All is not dark. Now that property prices have stopped falling and other bad debts are accounted for, "this will be the year of the rebound," predicts Michel Freyche, president of the French Banking Association, noting that U.S. banks have bounced back from equally tough times. "It isn't as bad as some say." Indeed, from the customers' viewpoint, paradoxically, France's banking system, largely denationalized since 1987--with the exception of Credit Lyonnais, the CIC group and a handful of midsize banks00is one of Europe's most modern and efficient. But, observes Alain Branchey of the rating agency Standard & Poor's, "we don't expect as quick a rebound as we saw in the States."

The primary source of the commercial banks' woes is competition from specialized institutions like savings banks, mutual-credit associations, even the post office (it holds 12% of French bank deposits), which don't have to earn profits to please shareholders and are granted privileges under French law. Yet they are aggressive rivals to the commercial banks, competing for loans in a shrinking market. Result: the profit margins on lending have been whittled to the vanishing point.

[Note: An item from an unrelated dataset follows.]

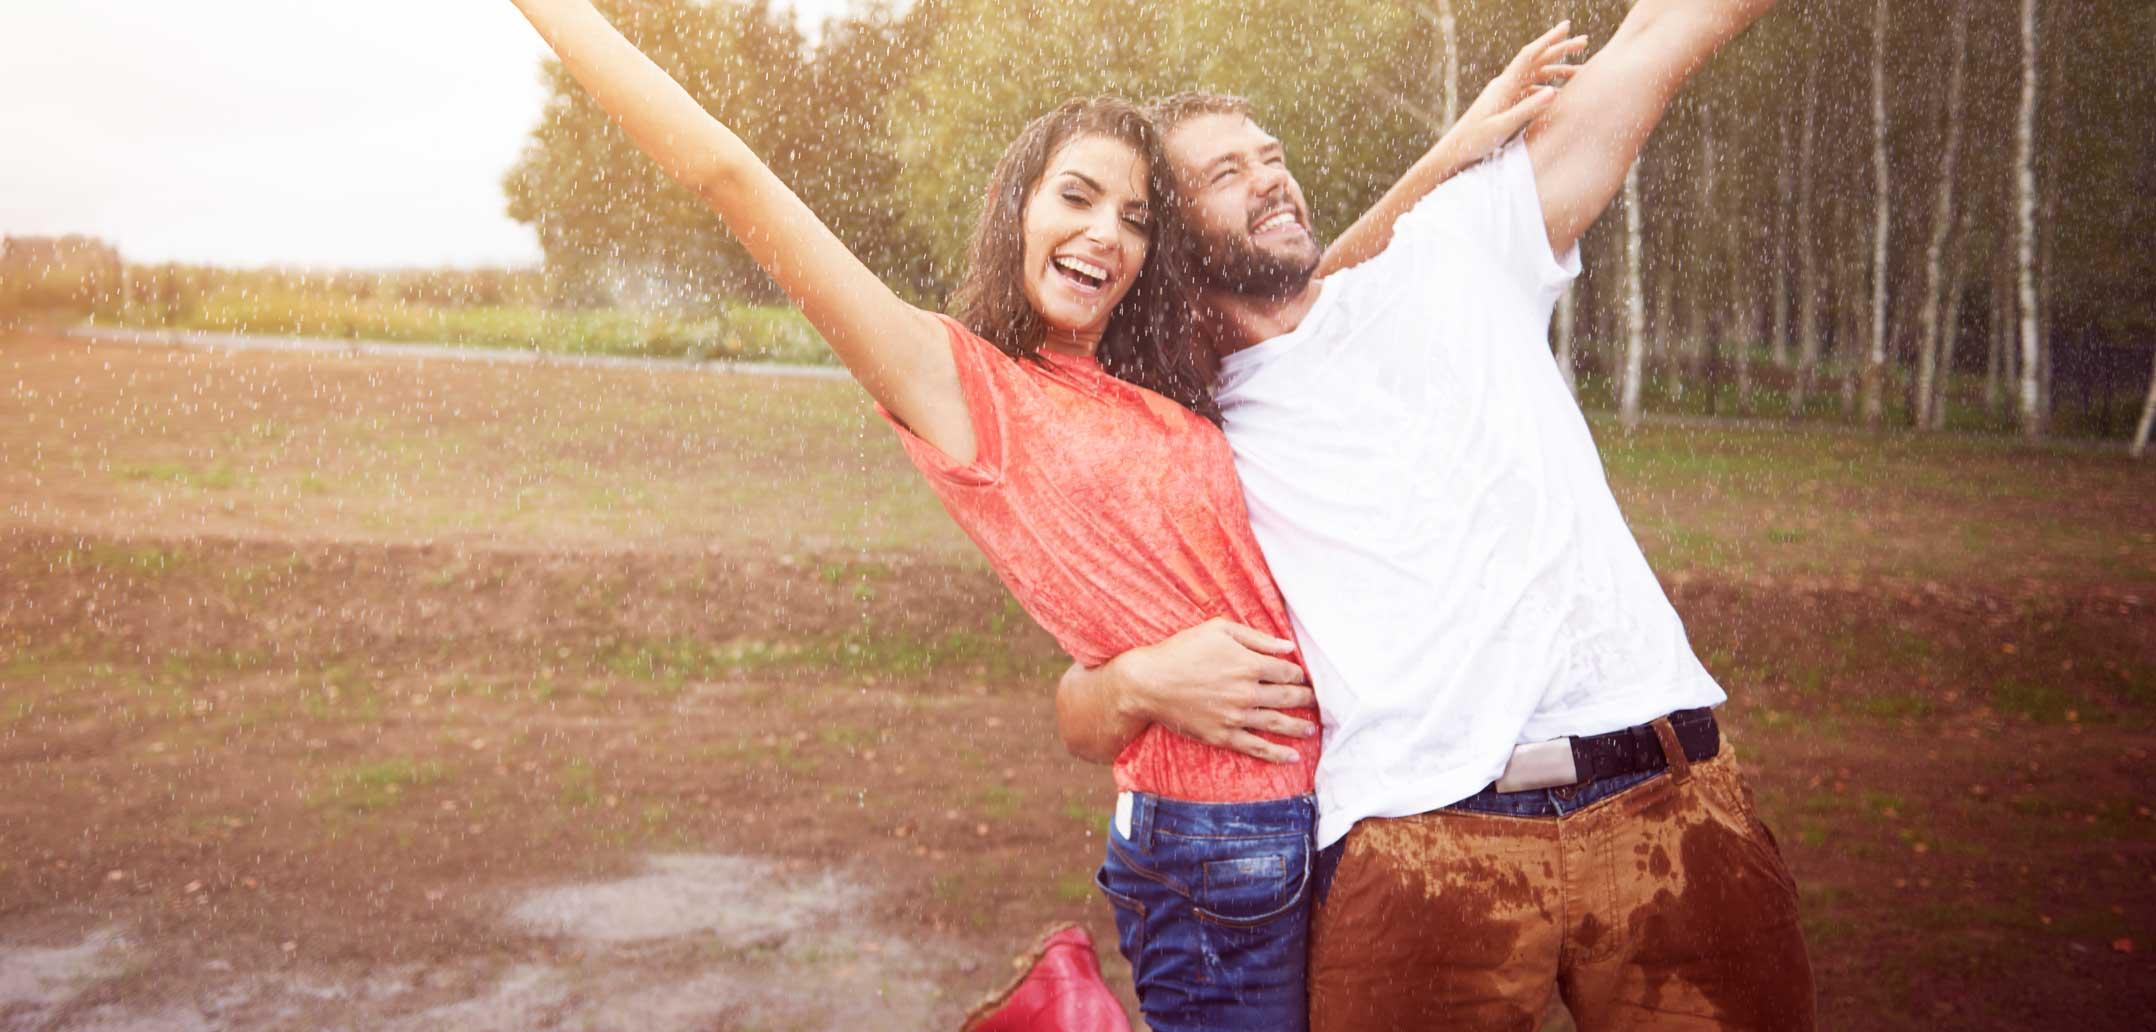 Männer, Frauen, länger leben, Beziehung, Gesundheit
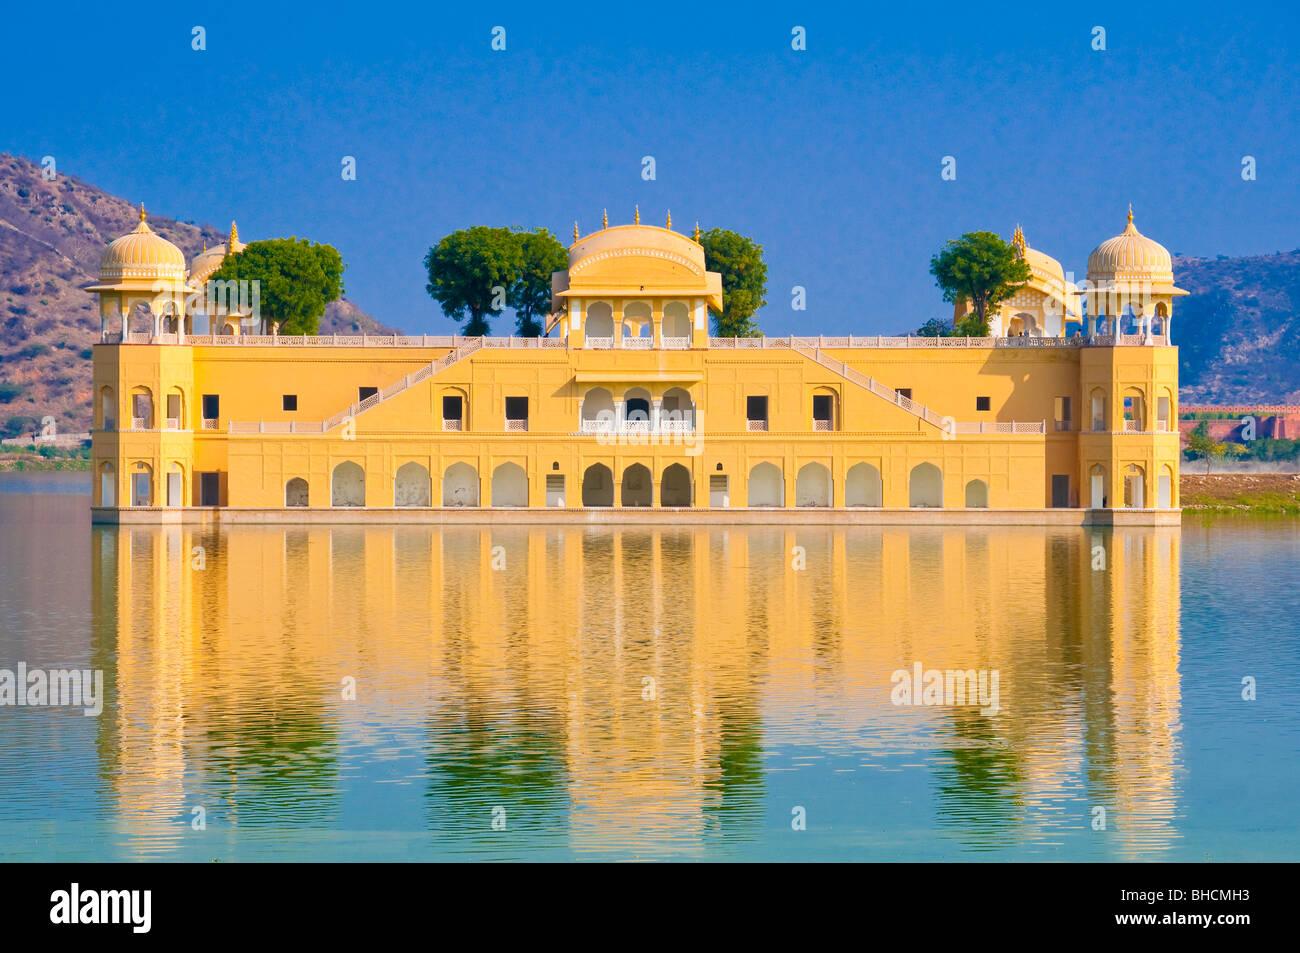 The Jai Mahal - Lake Palace, Jaipur, Rajasthan, India - Stock Image

Chronically low profitability keeps the major French banks from joining their British, Dutch, Swiss and German peers in the headlong rush toward globalization. The commercial bankers say they need an end to the unfair competition from their protected domestic rivals. Financial reform to increase bank profits would be politically unpopular, of course. But any government of France, a country that prides itself on its international role, has to consider the impact on public opinion if, as men like Vienot and Peyrelevade predict, the French financial system is reduced to colonial status.